AI-Powered Sports Analytics Platform for Fanalyze
The Problem
Fantasy sports and sports analytics platforms were drowning in data but starving for insight. Fans, analysts, and fantasy league players had access to raw statistics — but turning those numbers into actionable predictions required hours of manual research, spreadsheet wrangling, and cross-referencing multiple sources.
Fanalyze came to us with a vision: an AI-powered chatbot that could answer natural language questions about NFL players and games using live data — and respond with not just text, but charts, tables, and predictions.
The system needed to pull from external APIs updated every few hours and respond to queries using real-time data — not stale training data from a base model.
Context
Fanalyze operated in the sports technology space where speed and accuracy are everything. Their target users — fantasy league players and sports analysts — needed trustworthy, up-to-date information they could act on immediately.
The challenge wasn't just building an AI chatbot. It was building one that could reason over live data, generate visual outputs, and handle the nuance of sports-specific queries ("Compare Mahomes vs. Allen this season in away games").
Approach
Data Infrastructure
We built a robust data pipeline that connected to external sports APIs, pulling player stats, game schedules, team trends, and historical performance data. The system was designed to refresh every few hours, ensuring users could trust the data without hesitation.

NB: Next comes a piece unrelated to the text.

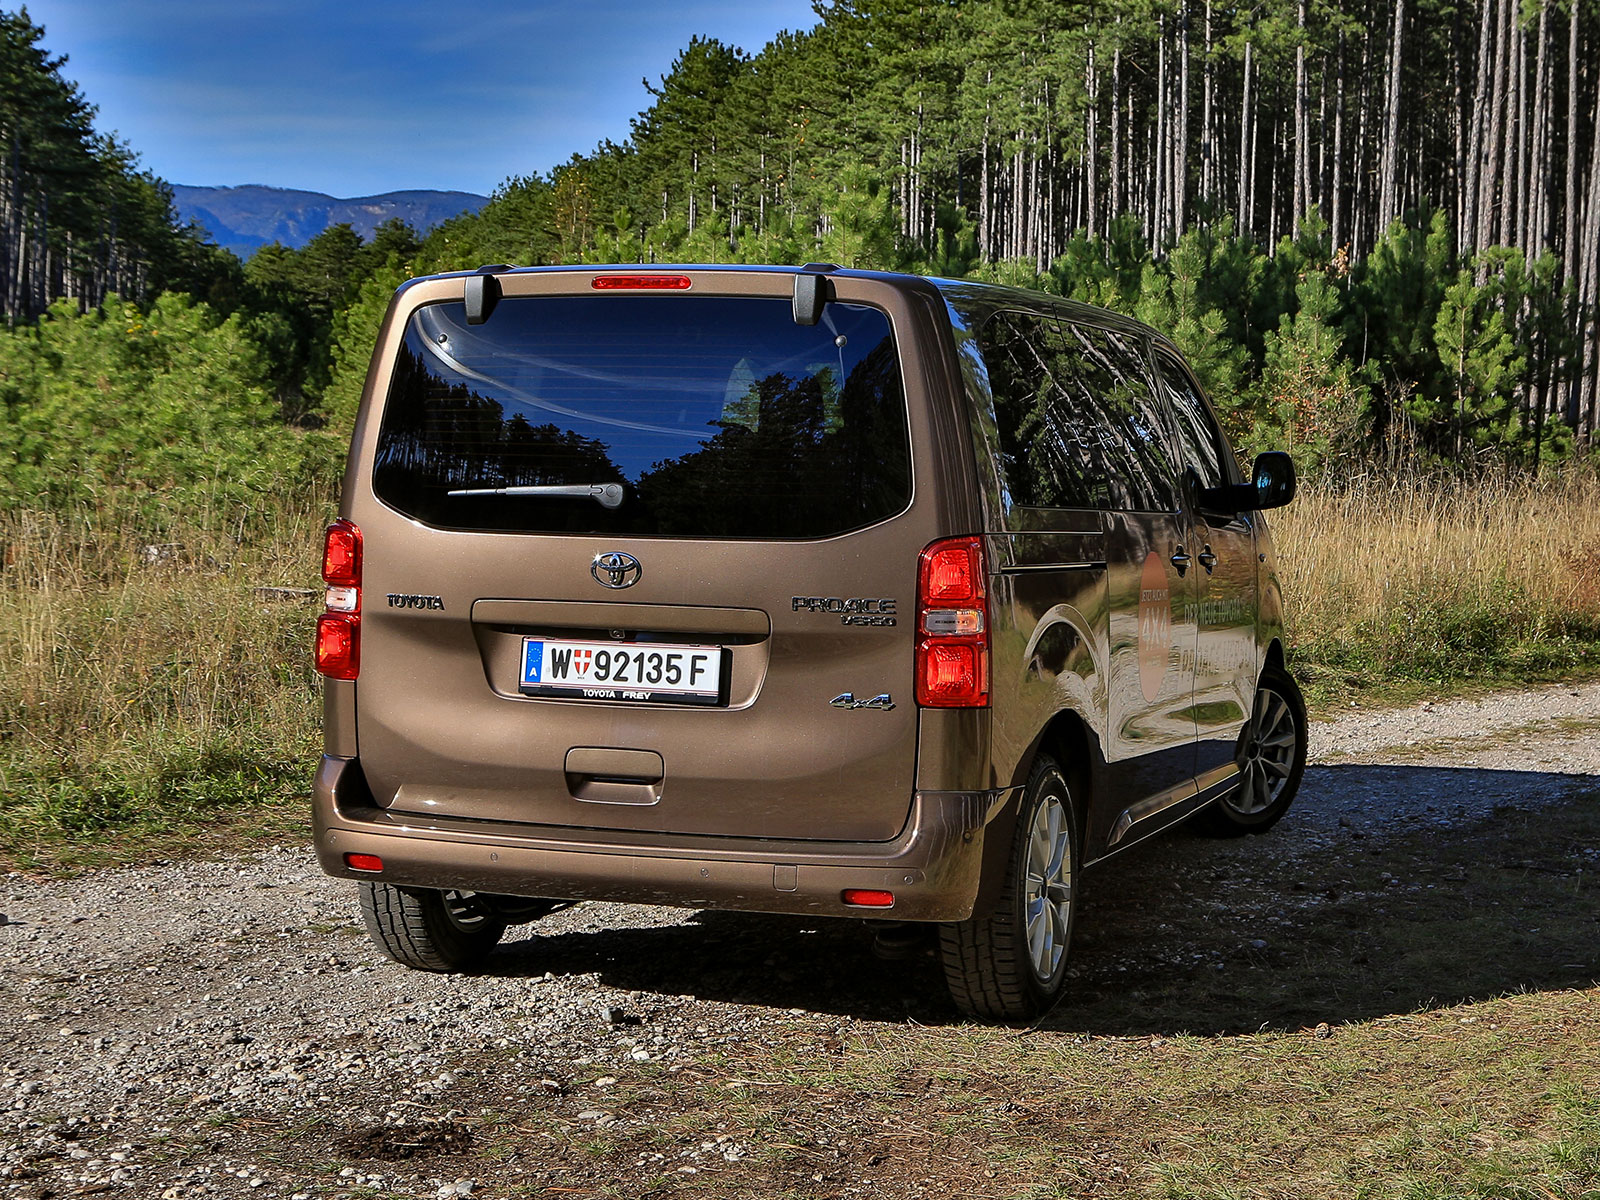 Toyota Proace Verso L1 Family 4x4 Test

We chose Supabase as the database layer for its real-time capabilities and built the ingestion pipeline as serverless functions that ran on a schedule.
RAG & AI Engine
The core of the platform was a retrieval-augmented generation system built on OpenAI's API. Rather than relying on the LLM's training data, every response was grounded in Fanalyze's proprietary database of live statistics.
We implemented:
- Structured retrieval over player stats, game logs, and season trends
- Context-aware query parsing that understood sports-specific language
- A prediction engine fine-tuned on large historical datasets
The prediction engine required careful fine-tuning — sports data is highly contextual and a naive model would produce confidently wrong answers. We built evaluation pipelines to catch and correct hallucinations before they reached users.
Data Visualization
One of the most technically challenging features: the AI could generate charts and data visualizations dynamically based on its response. We achieved this through extensive LLM fine-tuning on open-source visualization libraries, giving the model the ability to produce charts for any kind of data — team trends, season stats, player comparisons.
Frontend & Launch
Built the user-facing application with React and Chakra UI, backed by a Node.js API layer. The interface featured player search, position filtering, real-time stat tables, Twitter feed integration, and the AI chat interface front and center.
Architecture
The tech stack was chosen for speed and real-time capability:
- Frontend: React with Chakra UI for rapid, accessible UI development
- Backend: Node.js serverless functions handling API orchestration
- Database: Supabase for real-time data sync and structured storage
- AI Layer: OpenAI API with RAG retrieval over Supabase, custom fine-tuned models for predictions and visualization
- Data Pipeline: Scheduled serverless jobs pulling from external sports APIs
Results
Fanalyze launched in beta and saw immediate traction. According to initial user feedback, they observed almost 70% improvement in their decision-making process. Users were analyzing player performance in minutes instead of hours, and the data visualization capabilities helped them spot trends that were previously invisible in raw stat tables.
Next Steps
We continue to work with Fanalyze, iterating based on user feedback and expanding the platform's capabilities. The AI models are continuously improving as they ingest more data, and the team is exploring expansion beyond NFL into additional sports leagues.